= Oldest Member (European Parliament) =

Eldest sitting member of European Parliament

Oldest members
| Name | Party | State | Date | Age |
| Louise Weiss (1893-1983) | EPP | France | 1979 | 86 |
| 1982 | 89 |
| Jacqueline Thome-Patenôtre (1906-1995) | EDA | France | 1984 | 78 |
| Nikolaos Gazis (1903-1996) | SOC | Greece | 1987 | 83 |
| Claude Autant-Lara (1901-2000) | DR | France | 1989 | 88 |
| Bruno Visentini (1914-1995) | LDR | Italy | 1992 | 77 |
| Vasilis Efraimidis (1915-2000) | GUE/NGL | Greece | 1994 | 79 |
| Otto von Habsburg (1912-2011) | EPP | Germany | 1997 | 85 |
| Giorgio Napolitano (1925-2023) | PES | Italy | 1999 | 74 |
| 2002 | 77 |
| Giovanni Berlinguer (1924-2015) | PES | Italy | 2004 | 80 |
| 2007 | 83 |
| Ciriaco De Mita (1928-2022) | EPP | Italy | 2009 | 81 |
| 2012 | 83 |
| Manolis Glezos (1922-2020) | GUE/NGL | Greece | 2014 | 91 |
| Jean-Marie Le Pen (1928-2025) | NI | France | 2015 | 87 |
| Silvio Berlusconi (1936-2023) | EPP | Italy | 2019 | 83 |
| Mercedes Bresso (born 1944) | PES | Italy | 2024 | 79 |

The Oldest Member is the eldest Member of European Parliament at the beginning of a new legislature and at the mid-term election of a new President of the European Parliament. Until 2009 the Oldest Member presided over the chamber during the election of the President, similar to the Father of the House.
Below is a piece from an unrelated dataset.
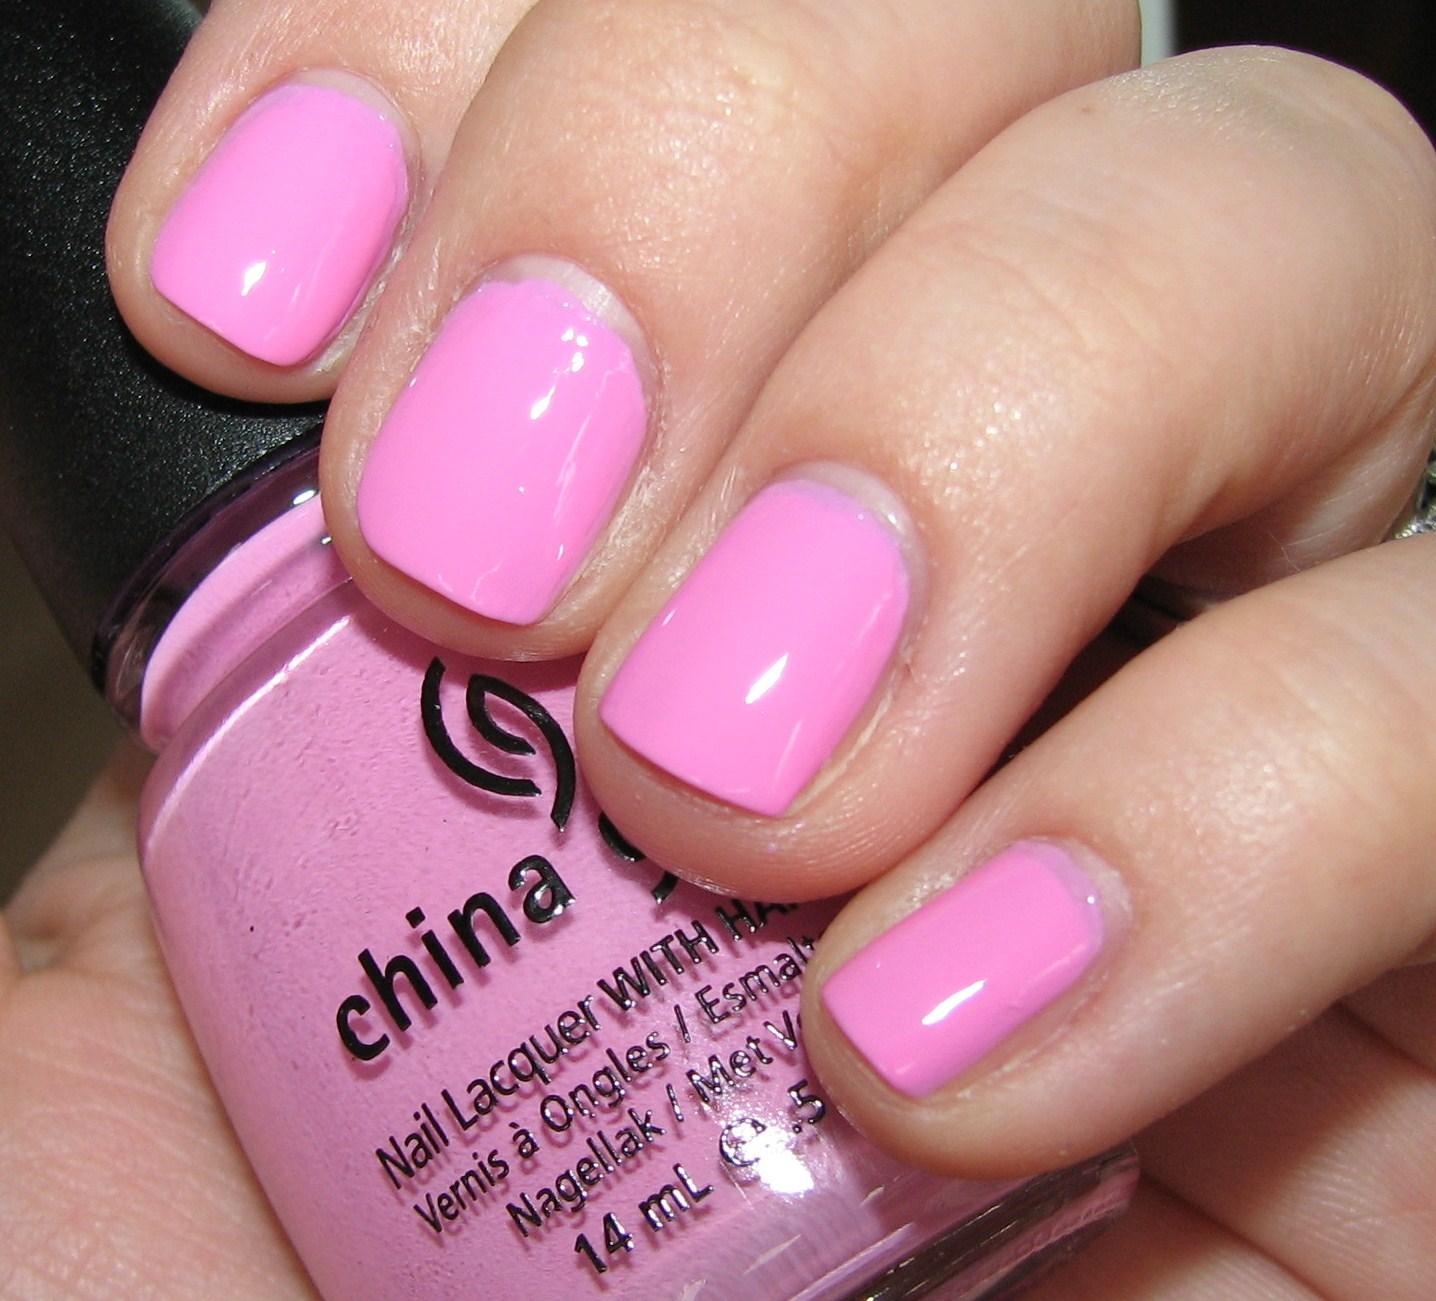 ... pink nails displaying 20 images for baby pink nails toolbar creator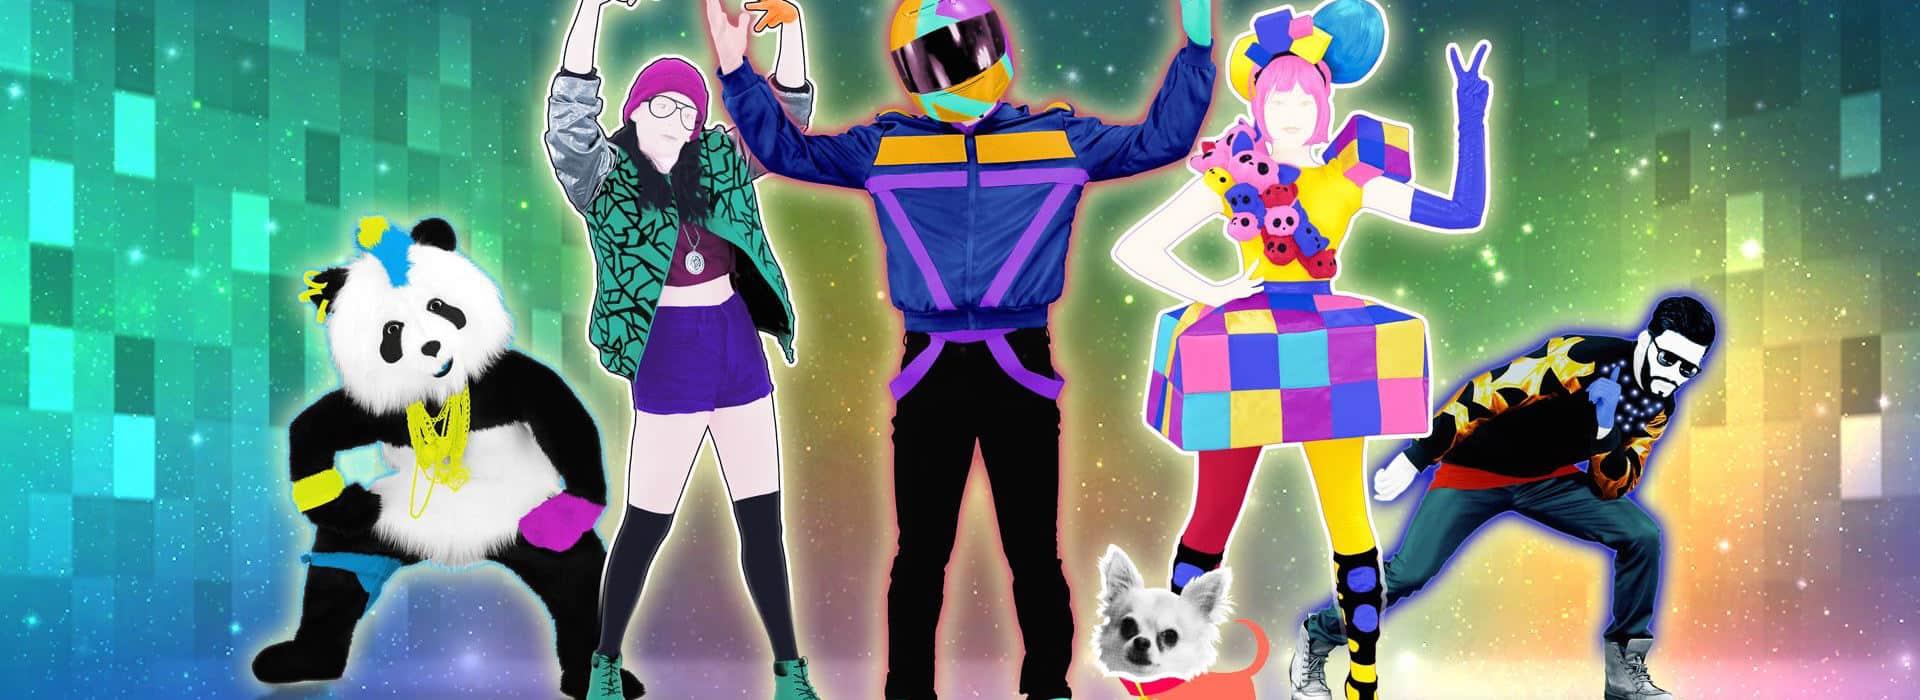 just-dance-2016-banner

This privilege was abolished in 2009.

==1979–1987==
From the European Parliament's first session on, the parliament's Rules of Procedure gave the oldest member the privilege to chair proceedings until a new President was elected. In the meantime, however, no other business was to be transacted unless concerned with the election.

This provision gave room for an opening speech from the oldest member, before the chair was taken by the newly elected president. In 1979, the first oldest member of the European Parliament, Louise Weiss, gave a one-hour-speech and received both standing ovations and a warm public reception. The same held true for her immediate successors Jacqueline Thome-Patenôtre and Nikolaos Gazis.

==1989 controversy==
After the 1989 European Parliament election, it turned out that the 87-year-old far-right politician Claude Autant-Lara of the French National Front would be the oldest member and therefore entitled to give the opening speech.

In front of a nearly empty house, Autant-Lara gave the longest opening speech ever, spreading fear of American "cultural invaders" he said would colonise and endanger European culture more than the Soviet Union. In a final appeal, he asked the youth to turn down a Coke for a glass of Alsacian wine only once. The speech was widely criticised as meandering and mostly absurd, but also nationalist, anti-American and even antisemitic.

During the speech, the Socialists placed 180 red roses in front of their seats while staying outside of the plenary room. Some leftists stayed inside holding up "Never again fascism!" placards. Other legislators listened to the first few minutes of the opening speech but then left the room.

==1992–2007==
Apart from being criticised in content, Autant-Lara's opening speech largely overstretched the already wide tolerance of deviation from the intent of the institution of the Oldest Member. In 1992, Italian MEP Bruno Visentini refrained from giving a speech, while in 1994 Greek MEP Vassilis Ephremidis spoke some reconciliatory words.

==2009 controversy and abolition of privilege==
It was feared that, after the 2009 elections, Jean-Marie Le Pen, a far-right MEP from France who had been convicted for Holocaust denial in his home country, might be the oldest member, aged 81. In response to this concern, the Parliament's rules were changed (Corbett report) so that the outgoing President (if re-elected as an MEP) or one of the outgoing Vice-Presidents would chair the first session of Parliament until a new President was elected. Green co-head Daniel Cohn-Bendit wanted to change the rules so that the youngest member would chair the session, to reflect the future. In the event, after the election, former Italian Prime Minister Ciriaco de Mita was in fact the oldest member, rather than Le Pen.